Arbeitsübereinkommen 2017-18: http://archiv.bundeskanzleramt.at/DocView.axd?CobId=65201
Nach der schrittweisen Senkung der Lohnnebenkosten im Ausmaß von 1 Milliarde Euro werden die Lohnnebenkosten noch einmal gesenkt.

Dies scheint gut und richtig, wenn man sich vor Augen hält, dass z.B. für Metaller die WKO diese Nebenkosten für ausgelernte Kräfte (je nach Urlaubsanspruch) zwischen 84,7 % und 91,6% des Anwesenheitsentgeltes (!) ausmachen, für Lehrlinge (Lehrlingsentschädigung) sogar 127,2%.
Föderal und unübersichtlich ist das natürlich in jedem Bundesland immer etwas anders und die verschiedenen Rechner im Netz spucken etwas unterschiedliche Werte aus
http://www.bruttonetto-rechner.at/arbeitgeber-lohnkostenrechner/
https://www.siart.at/steuerinfo/berchnungstools/lohnnebenkostenrechner/

Klar ist jedenfalls, dass dem Arbeitgeber ein Arbeitnehmer nicht unwesentlich mehr kostet, als dieser selbst vor Steuern erhält und dass Arbeitnehmer weitgehend kommentarlos hinnehmen, wenn die Lohnnebenkosten gesenkt werden, denn sie fühlen sich dadurch nicht betroffen. Nur irren sie da gewaltig!

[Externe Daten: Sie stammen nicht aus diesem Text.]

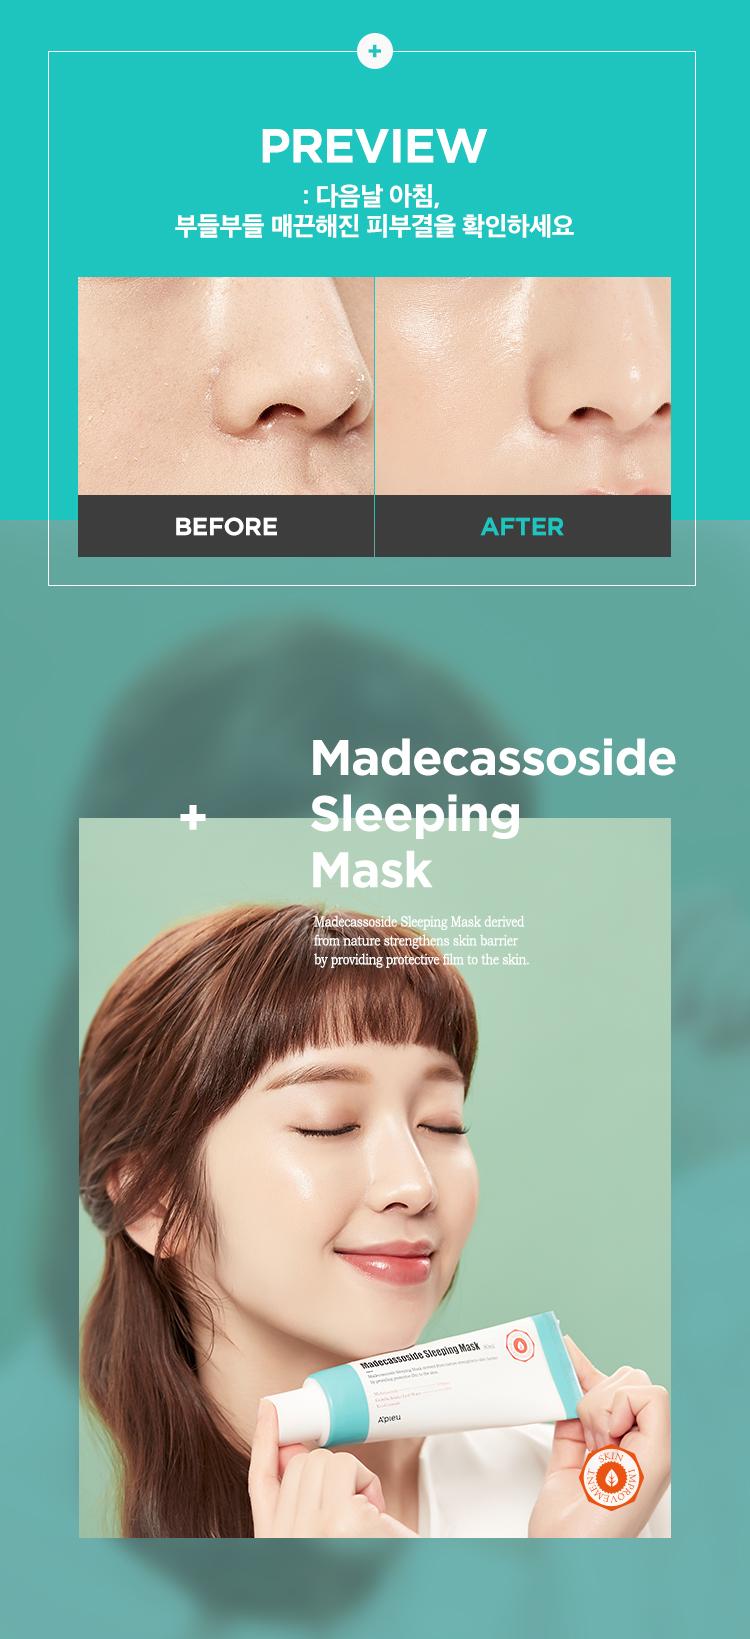 APIEU_Madecassoside_SleepingMask_02.jpg
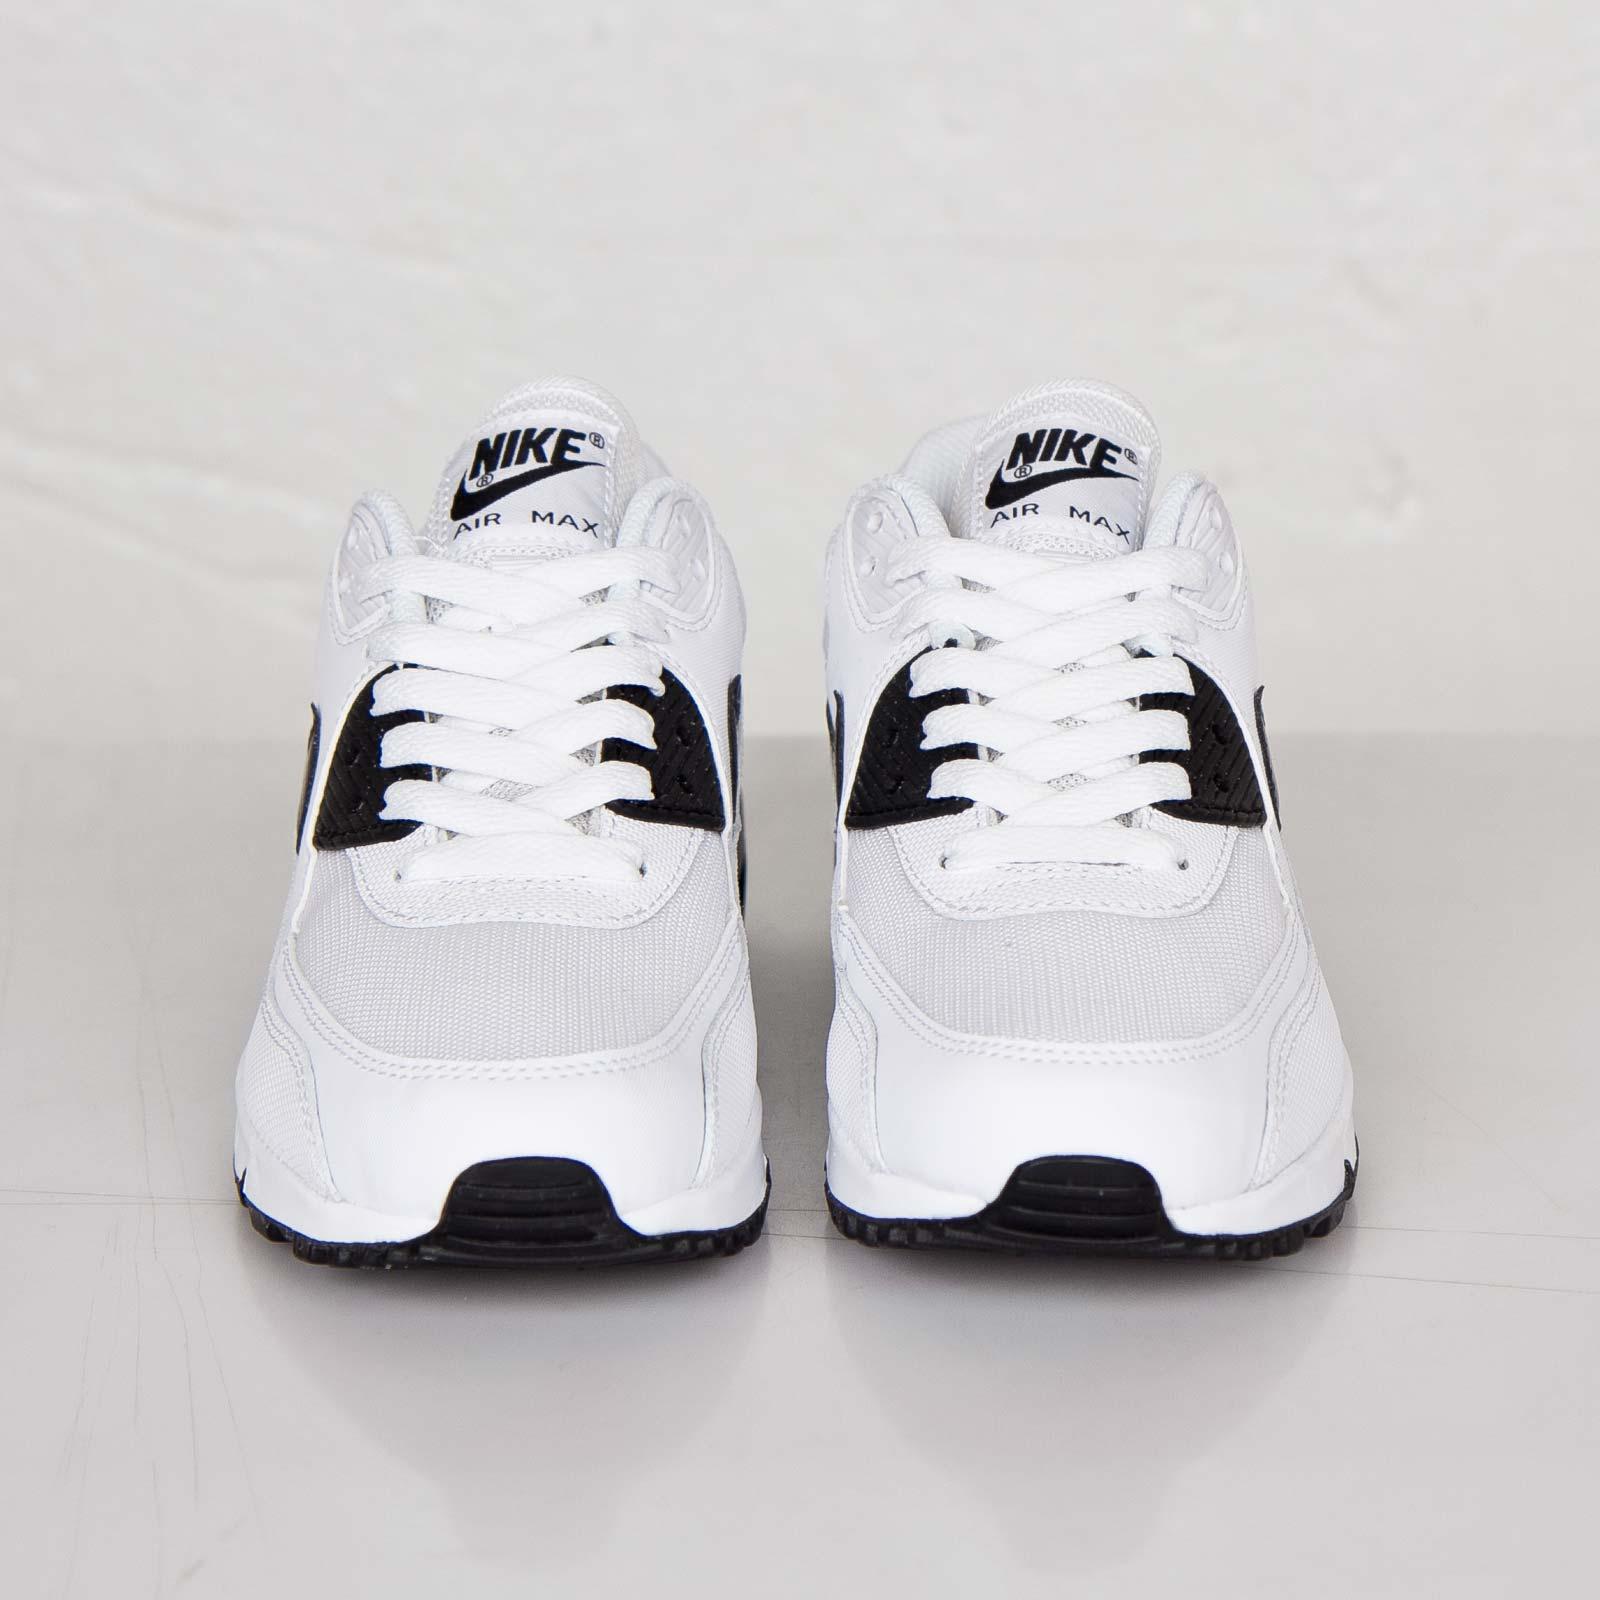 finest selection b0512 03108 Nike Wmns Air Max 90 Essential - 616730-110 - Sneakersnstuff   sneakers    streetwear på nätet sen 1999

Lohnnebenkosten setzen sich überwiegend aus dem zusammen was das Soziale Netz des Sozial- und Wohlfahrtsstaates ausmacht:

Dienstgeberanteil zur Sozialversicherung:
Kranken-, Unfall-, Pensions- und Arbeitslosenversicherung

IESG-Zuschlag (Zuschlag zum Insolvenz-Entgeltsicherungsgesetz)
Wohnbauförderungsbeitrag 
Kommunalsteuer (in Wien z.B. sogar eine U-Bahnsteuer)
Mitarbeitervorsorgekasse
Dienstgeberbeitrag zum Familienlastenausgleichsfonds (dieser finanziert Familienbeihilfe, Kindergeld, Freifahrten, Schulbücher, Unterhaltsvorschüsse, Familienberatung, ….)
Zuschlag zum Dienstgeberbeitrag (je nach Bundesland zwischen 0,36% und 0,44%)
Lohn während des Urlaubs, der Feiertage und der Krankenstände, Weihnachts- und Urlaubsgeld und Abfertigungen

Also alles Leistungen, die die Arbeitnehmer glauben „ihrer Regierung zu verdanken“ in Wirklichkeit zahlen sie es sich eigentlich selbst.
Ob es sich dabei eigentlich um einen Lohnverzicht handelt, denn den Arbeitgebern könnte es wohl egal sein, ob sie das Geld nun in einen der vielen Töpfe einzahlen oder ihren Mitarbeitern auszahlen,
oder ob man das als zusätzliche Besteuerung der Wirtschaft auffasst, wie es deren Vertretungen natürlich hinausposaunen,
Fakt ist, dass wir damit unseren Sozialstaat finanzieren.

Politiker, die also eine Senkung der Lohnnebenkosten beschließen oder gleichzeitig festlegen, woher das Geld dann kommen soll,
demontieren nicht nur Spitäler und Arztpraxen
sondern mindern auch die Mittel der Arbeitslosenversicherung,
des kommunalen Wohnbaus,
die Absicherung der unselbständig Erwerbstätiger gegen die plötzliche Insolvenz ihres Arbeitgebers,
des Kindergeldes und der Absicherung alleinerziehender Mütter gegen zahlungsunwillige Väter.

Eu-weit betragen die Lohnnebenkosten im Mittel 31%,  Österreich liegt im oberen Drittel, Deutschland etwa im Mittelfeld, der Anteils  wird aber in den meisten Ländern seit Jahren unter dem Argument der Wettbewerbsfähigkeit zur Freude der Arbeitgeber langsam reduziert.
Wenn schon die Mehrheit der Betroffenen nicht erkennen will, das ohne gesicherter Gegenfinanzierung ihr soziales Netz immer mehr durch hängt, sollten vielleicht die im Gesundheitssystem Tätigen erkennen, woher u.a. der immer größere Kostendruck an ihrem Arbeitsplatz kommt.